I stood and took off my shirt. The nurse softened slightly. She knew the pain I had to be in. The thing was, I was feeling better.

"Aren't we the pair, Raggedy Man?" Passey whispered. We both had heavily bruised torsos. I had no clue why she was calling me Raggedy Man.

Our pants and underwear piled up on the floor. The nurse had slipped out somewhere along the line.

"I wish I could give you more time," I sighed as I pulled Passey to me until our bodies were tightly pressed.

"You are giving us what precious time you can, Israel," she responded. I cupped her ass cheeks and placed her on the edge of the gurney. Slipping into her was like teardrops on my soul, honest and purifying. Passey gave a little gasp then tenderly wrapped me up in her arms. We gently rocked back and forth, her sitting on the gurney, I standing in front of her, her legs supported my arms at hip level.

It was painful sex for both of us. I was helped by the fact that the normally gorgeous Officer Passey was so battered. It was the whole beautiful = entitlement thing rearing its ugly head.

"What's your name?" I mused, not really thinking about our circumstance. Passey giggled then winced.

"Freya," she panted in my ear. "My name is Freya."

"That's beautiful," I murmured. "That was a Goddess, right?"

"Was? Is," she nuzzled me. "My family are Pantheists, pagans."

"Would that make me Frey?" I stumbled along verbally.

"No," she snickered then began kissing my neck. "Frey is Freya's brother. That would be a little weird. You are more like, Baldur, the Golden One." Our banter had a purpose. We were dispelling the desperation of the moment. We were foolishly shredding the tyranny of time. We could take as long as we wanted because we lied and said everything was going to work out.

For some indeterminate time, we simply rocked back and forth. I could feel her fire rising toward the point of combustion. What I had to do next went against my nature. It went against the dark, gnawing fear that lurked behind the reflection of every woman whose gaze I met and stalked the edges of my erotic nightmares.

"Tell me you love me," I breathed into her. "Tell me we are going to have many strong male babies together." I wanted to die. Freya Passey hesitated a moment as if she knew she was about to cause me great pain.

"I love you, Israel," she murmured. "We are going to have many strong male babies together."

My whole body shook violently. I felt my testes contract. I was terrified, but I had to live.

"Say it again," I sobbed.

"Israel?" Freya whimpered.

"Please," I gulped.

"I love you, Israel," she sniffled. "We are going to have many strong male babies together."

The fear tore my heart and reason apart.
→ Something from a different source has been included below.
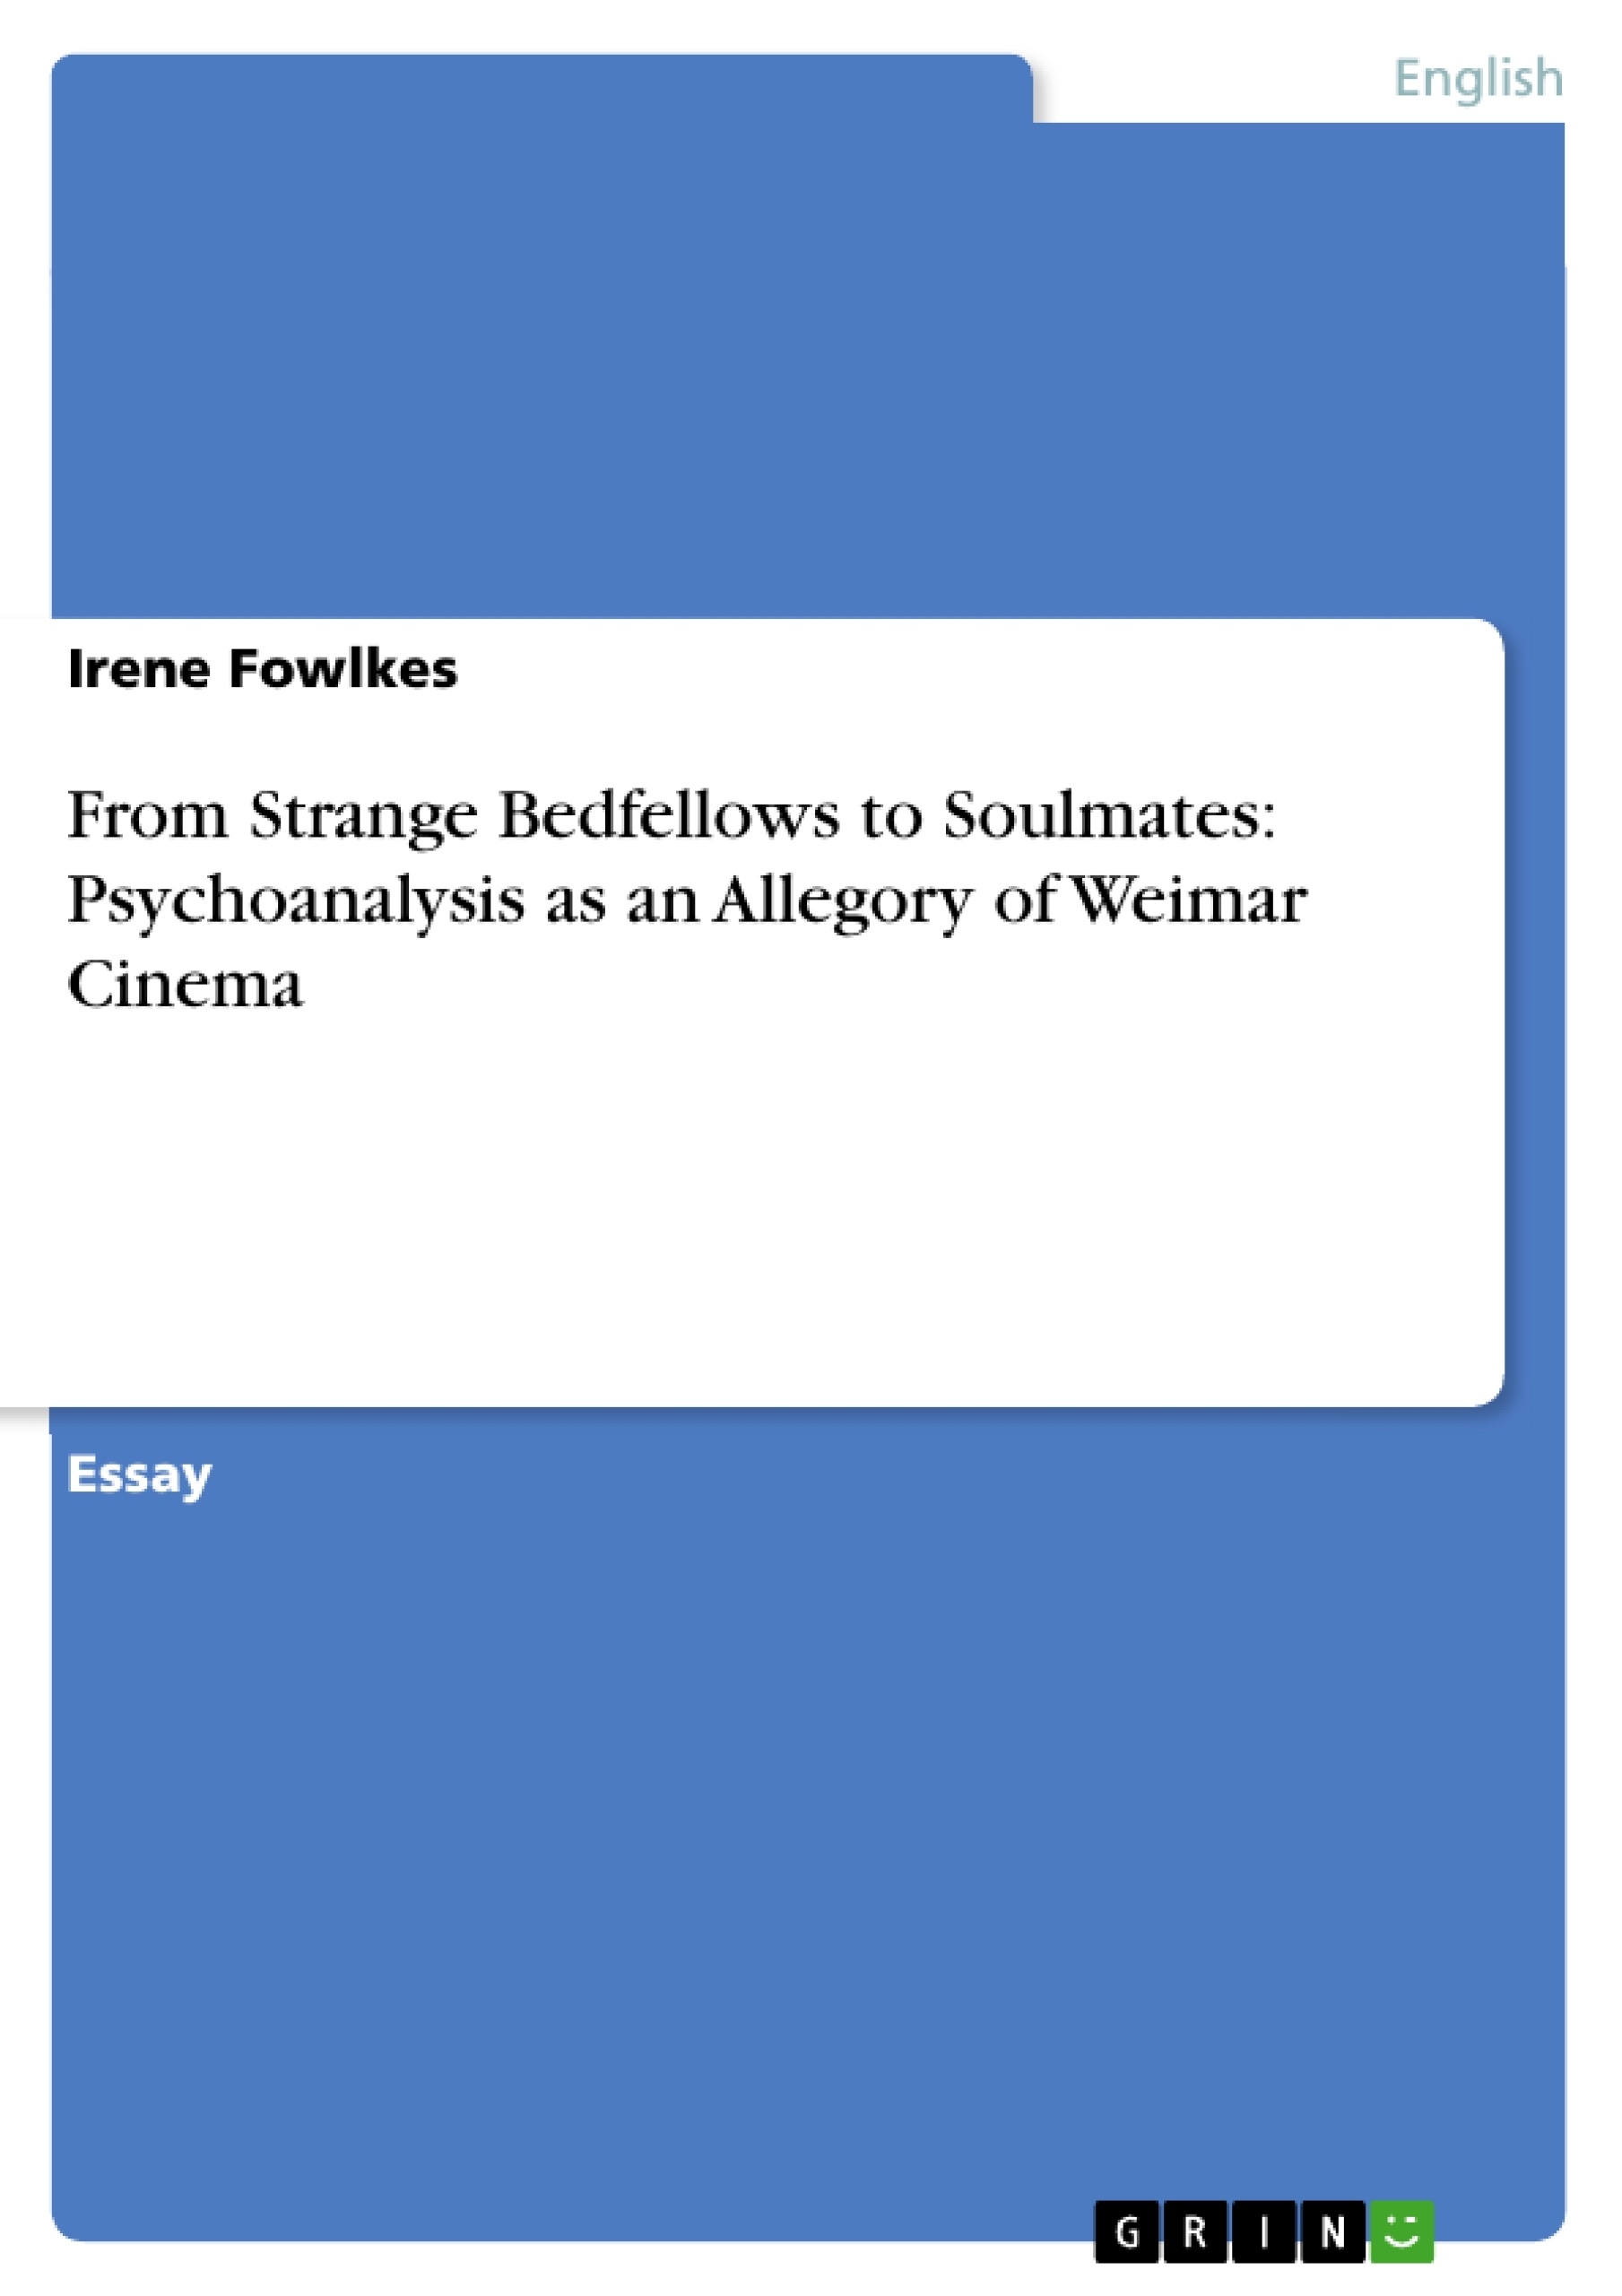 Title: From Strange Bedfellows to Soulmates: Psychoanalysis as an Allegory of Weimar Cinema

My cum fountained deep within Freya. Again and again, it shot forth. Freya tensed then climaxed, which was doubly painful for both of us.

'Take that, Aurora, you bitch,' my mind spasmed and whirled manically.

'I stole one life back. I made something good from the madness you gifted me with. You haven't won, not yet.' I'd been climbing out of that basement for nearly five years. I was almost free until Bethany kicked my back down into that pit again. Maybe this was why I had lived? Maybe I hadn't been stupid or weak for surviving when I should have died.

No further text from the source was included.